Announcing the winner of the inaugural SASE limerick contest!


With a grand total of 53 limericks submitted, the ad-hoc 2024 Limerick adjudication committee, consisting of Finbarr Murphy (Dean of Kemmy Business School at the University of Limerick), Prof. Tony Dundon (Kemmy Business School), and Dr. Annelies Fryberger (SASE Executive Director), is proud to announce the winner and 3 honorable mentions of the 2024 inaugural SASE limerick contest! It is worth mentioning that humans won out over ChatGPT on this occasion.
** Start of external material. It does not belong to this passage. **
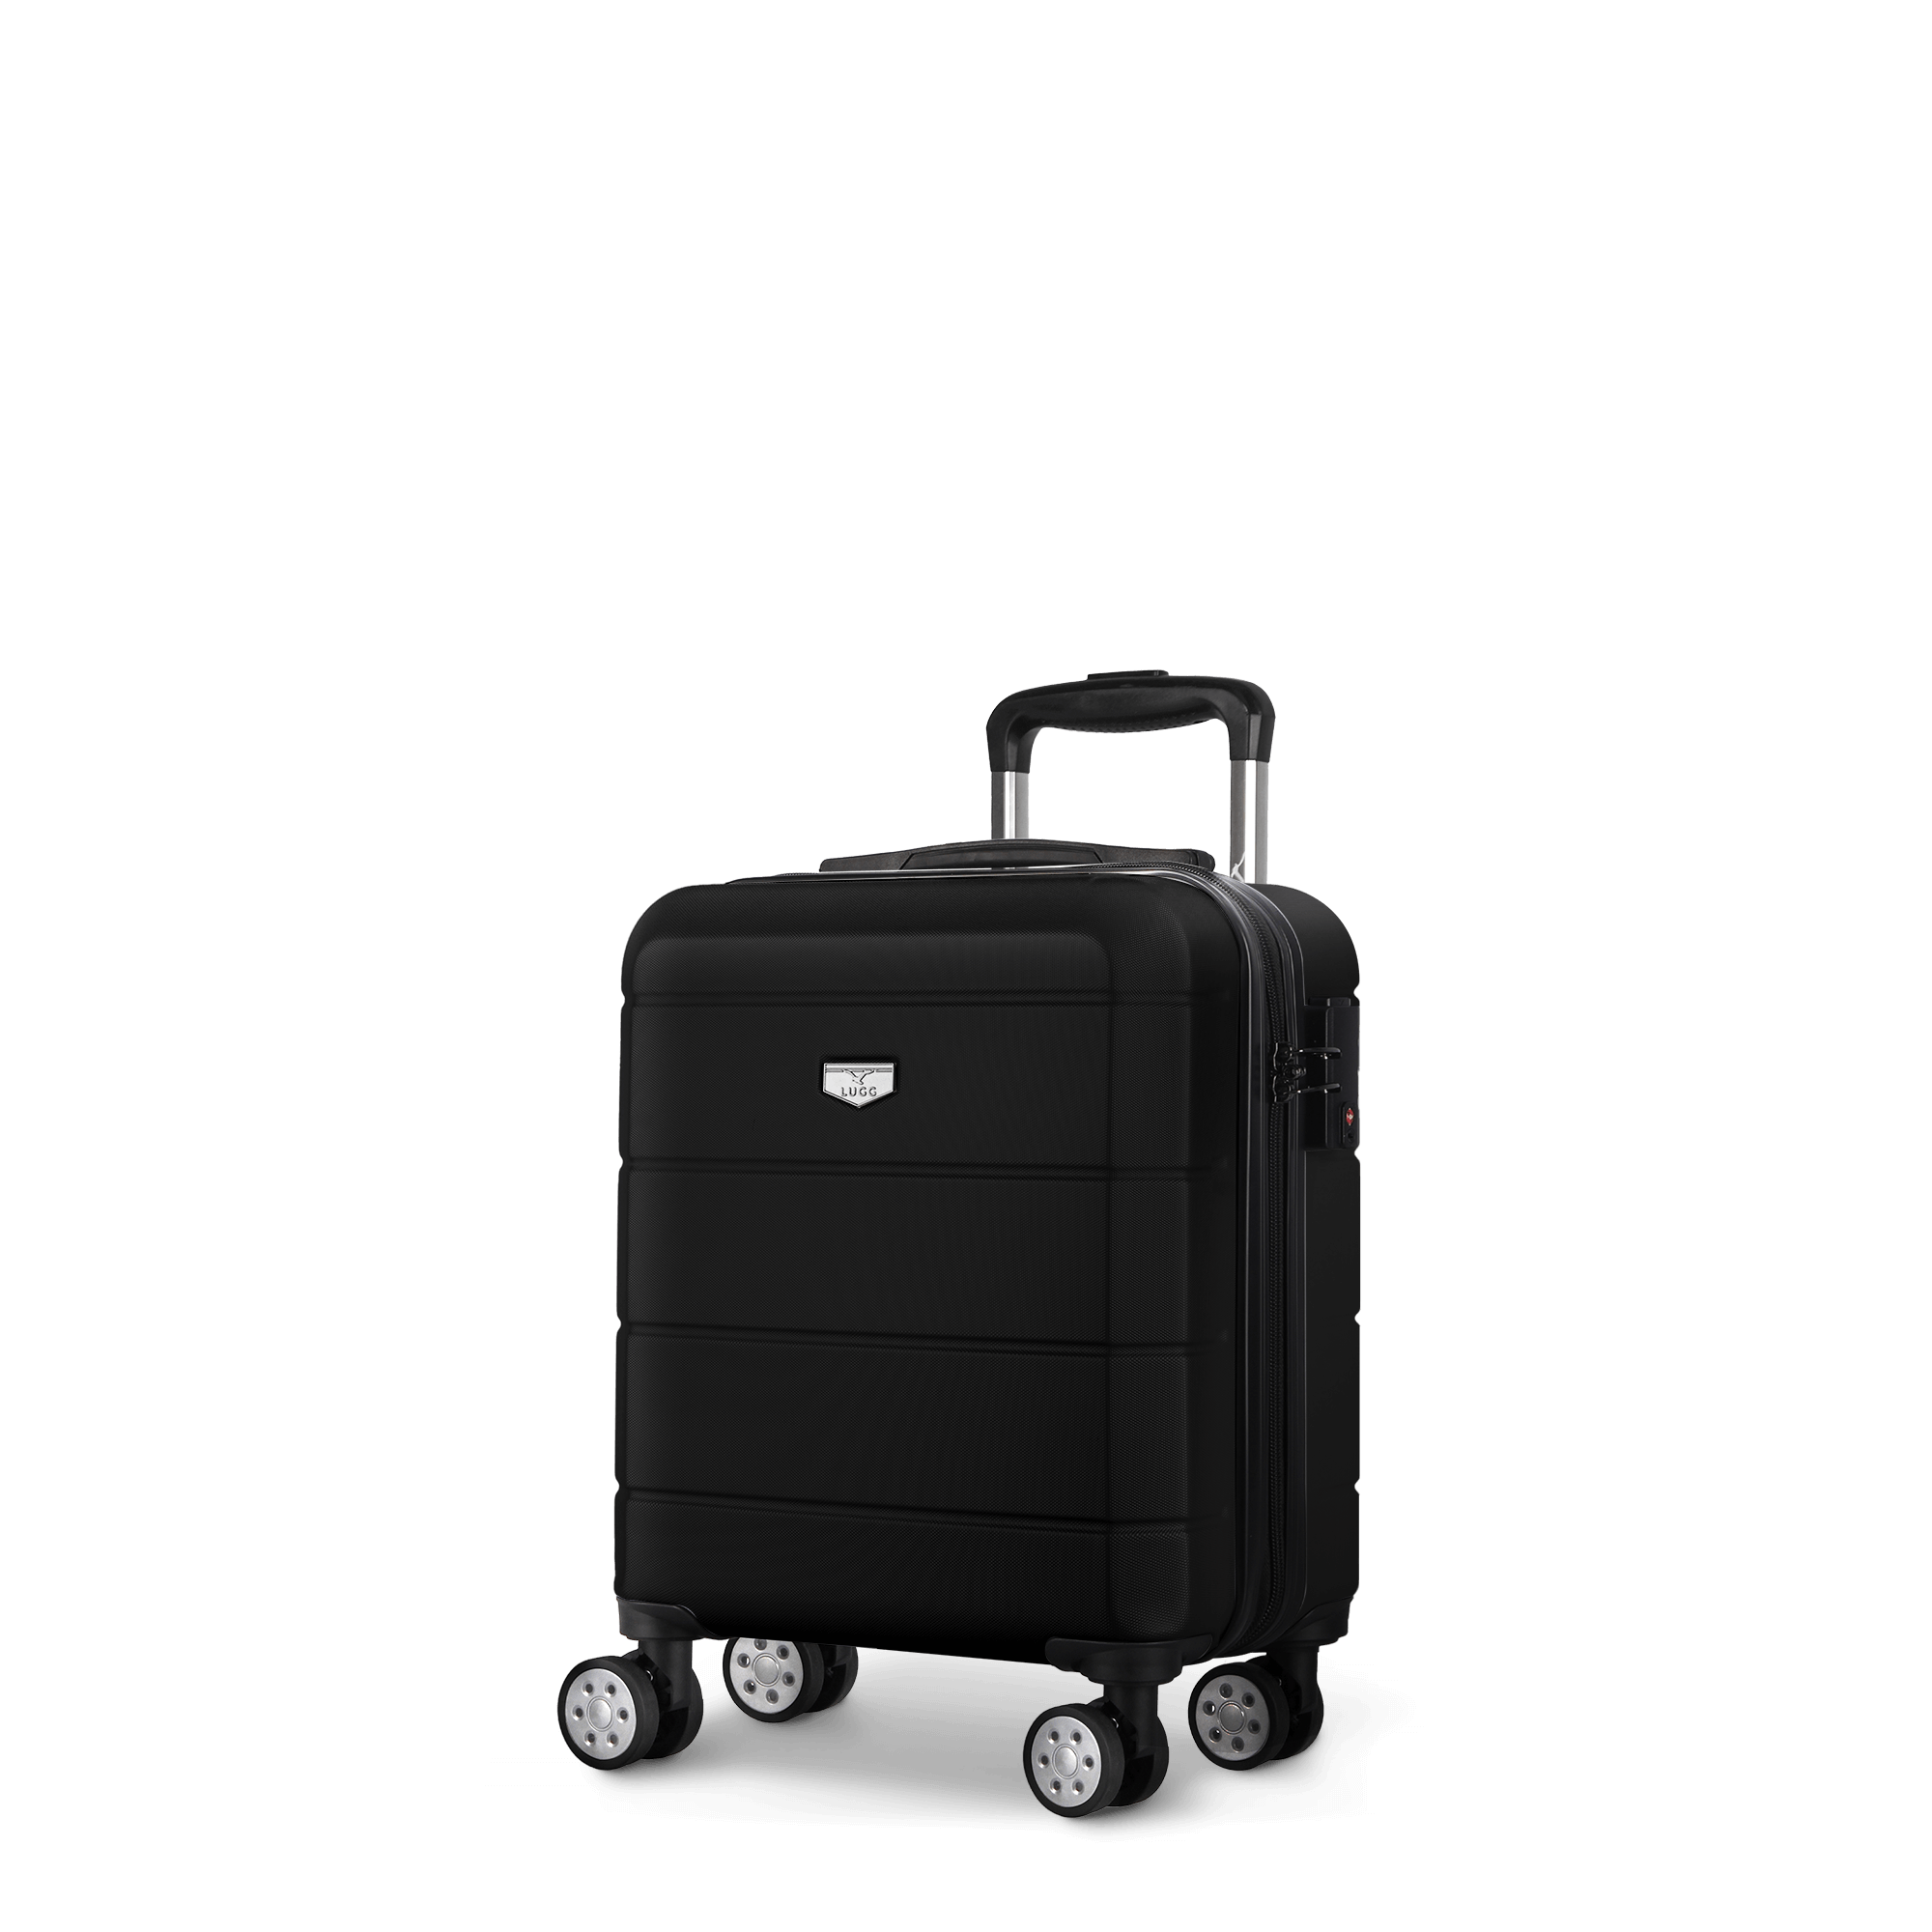 Jetset Cabin Suitcase in Black

A first honorable mention goes to Dr. Bob Turvey, for his notable discovery of the fact that ‘socio-economics’ rhymes with ‘gin and tonics’:

Since quinine, from transplanted trees,

Can make native plants absentees,

Socio-economics

Views large gins and tonics

As the wrong way to cure a disease.

An additional honorable mention to Dr. Shann Turnbull, for his innovation to the poetic form, with the first and likely only instance of limericks with extensive footnotes. One example: 

Self-governance is thought impossible.

It makes economists implausible.

They have intellects like sieves,

But Nobel prizes it gives,

To Ostrom who proved it was possible[1].

[1] Ostrom, E. (2009), Nobel Prize Acceptance Speech, Beyond Markets and States: Polycentric Governance of Complex Economic Systems,https://www.nobelprize.org/prizes/economic-sciences/2009/ostrom/lecture/

For encapsulating the ethos of SASE, an honorable mention to Adam Hersko-RonaTas:

In Ireland a group of professors,

Some armed with stats and others just guessers,

Send Adam Smith straight to hell,

If they do their job well,

They’ll close gaps between greaters and lessers.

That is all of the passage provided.